Let's try writing **<tt> Hello World! <tt>** several times:

In [None]:
print("Hello World!")
print()
print("Hello World!")

Now, let's print a list of numbers:

In [None]:
int_list = [1,2,3,4,5,6]
print(int_list)

In Python, we have different variables:

In [None]:
sent= "Hello World!" # This is a string
int_list = [1,2,3,4,5,6] # This is a list of integers

Use the function **<tt> type <tt>** to get the variable's type.

In [None]:
type(sent)

In [None]:
type(int_list)

And finally, we can also have a list of strings:

In [None]:
city_list = ["London", "Granada", "Bagdad", "Lang Tang", "Lucca", "Budapest"] # This is a list of integers

In [None]:
type(city_list)

🤓 We use **<tt> list[x] <tt>** to get the element **<tt> x <tt>** on a list:

In [None]:
city_list[0]

In [None]:
type(city_list[0])

## 1.2. Importing unstructured data (Corpus)
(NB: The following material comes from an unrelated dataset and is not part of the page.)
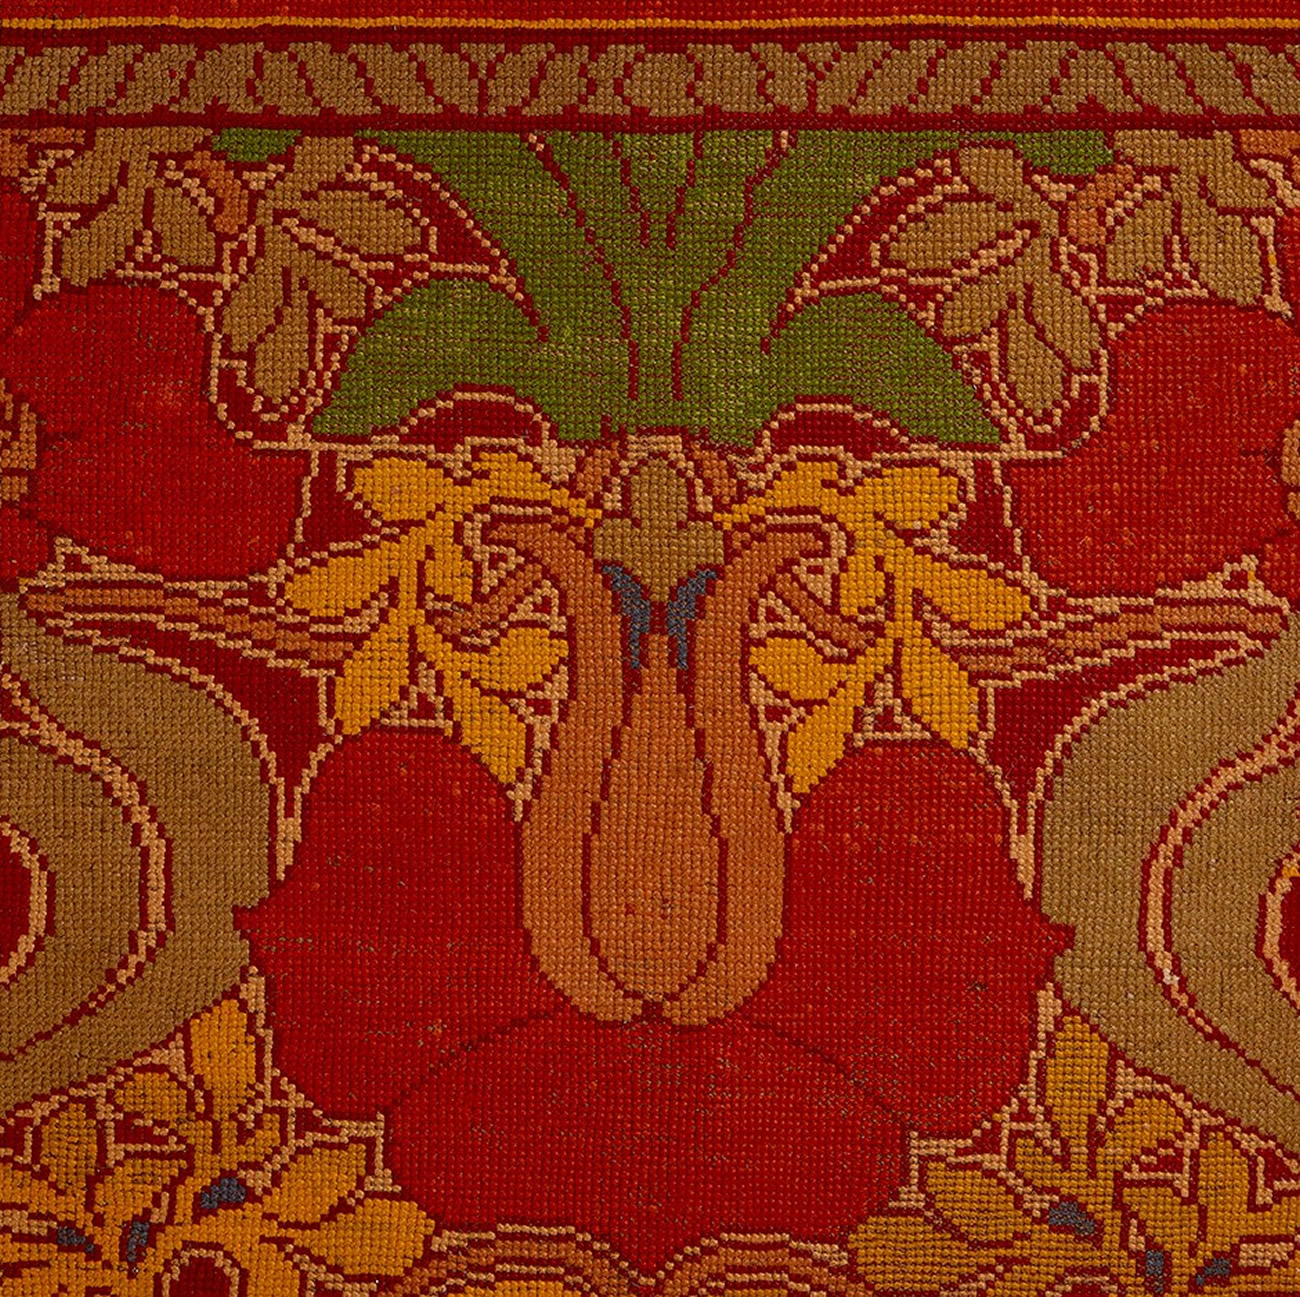 Carpet (detail) Manufactured by Alexander Morton & Co.

Because text analysis techniques are primarily applied machine learning, a language that has rich scientific and numeric computing libraries is necessary. When it comes to tools for performing machine learning on text, Python has a powerhouse suite that includes NLTK, Gensim, and spaCy:
    
- **NLTK**, the Natural Language Tool-Kit, is a “batteries included” resource for NLP written in Python by experts in academia. Originally a pedagogical tool for teach‐
ing NLP, it contains corpora, lexical resources, grammars, language processing algorithms, and pretrained models that allow Python programmers to quickly get started processing text data in a variety of languages. 👉 https://www.nltk.org/

- **Gensim** is a robust, efficient, and hassle-free library that focuses on unsupervised semantic modeling of text. Originally designed to find similarity between docu‐
ments (generate similarity), it now exposes topic modeling methods for latent semantic techniques, and includes other unsupervised libraries such as word2vec. 👉 https://radimrehurek.com/gensim/

- **spaCy** provides production-grade language processing by implementing the academic state-of-the-art into a simple and easy-to-use API. In particular, spaCy focuses on preprocessing text for deep learning or to build information extraction or natural language understanding systems on large volumes of text. 👉 https://spacy.io/


### 1.2.1. Introduction to Spacy

We'll create a variable in English call **<tt> nlp <tt>**.

In [None]:
# Import Spacy 
import spacy
from spacy.lang.en import English

# Create the nlp object
nlp = English()


When you process a text with the nlp object, spaCy creates a Doc object – short for "document". The Doc lets you access information about the text in a structured way, and no information is lost.

In [None]:
# Created by processing a string of text with the nlp object
doc = nlp("Hello world!")

# Iterate over tokens in a Doc
for token in doc:
    print(token.text)

### 🤖📝 **Your turn**



Try ot some of the 55+ available languages: https://spacy.io/usage/models#languages.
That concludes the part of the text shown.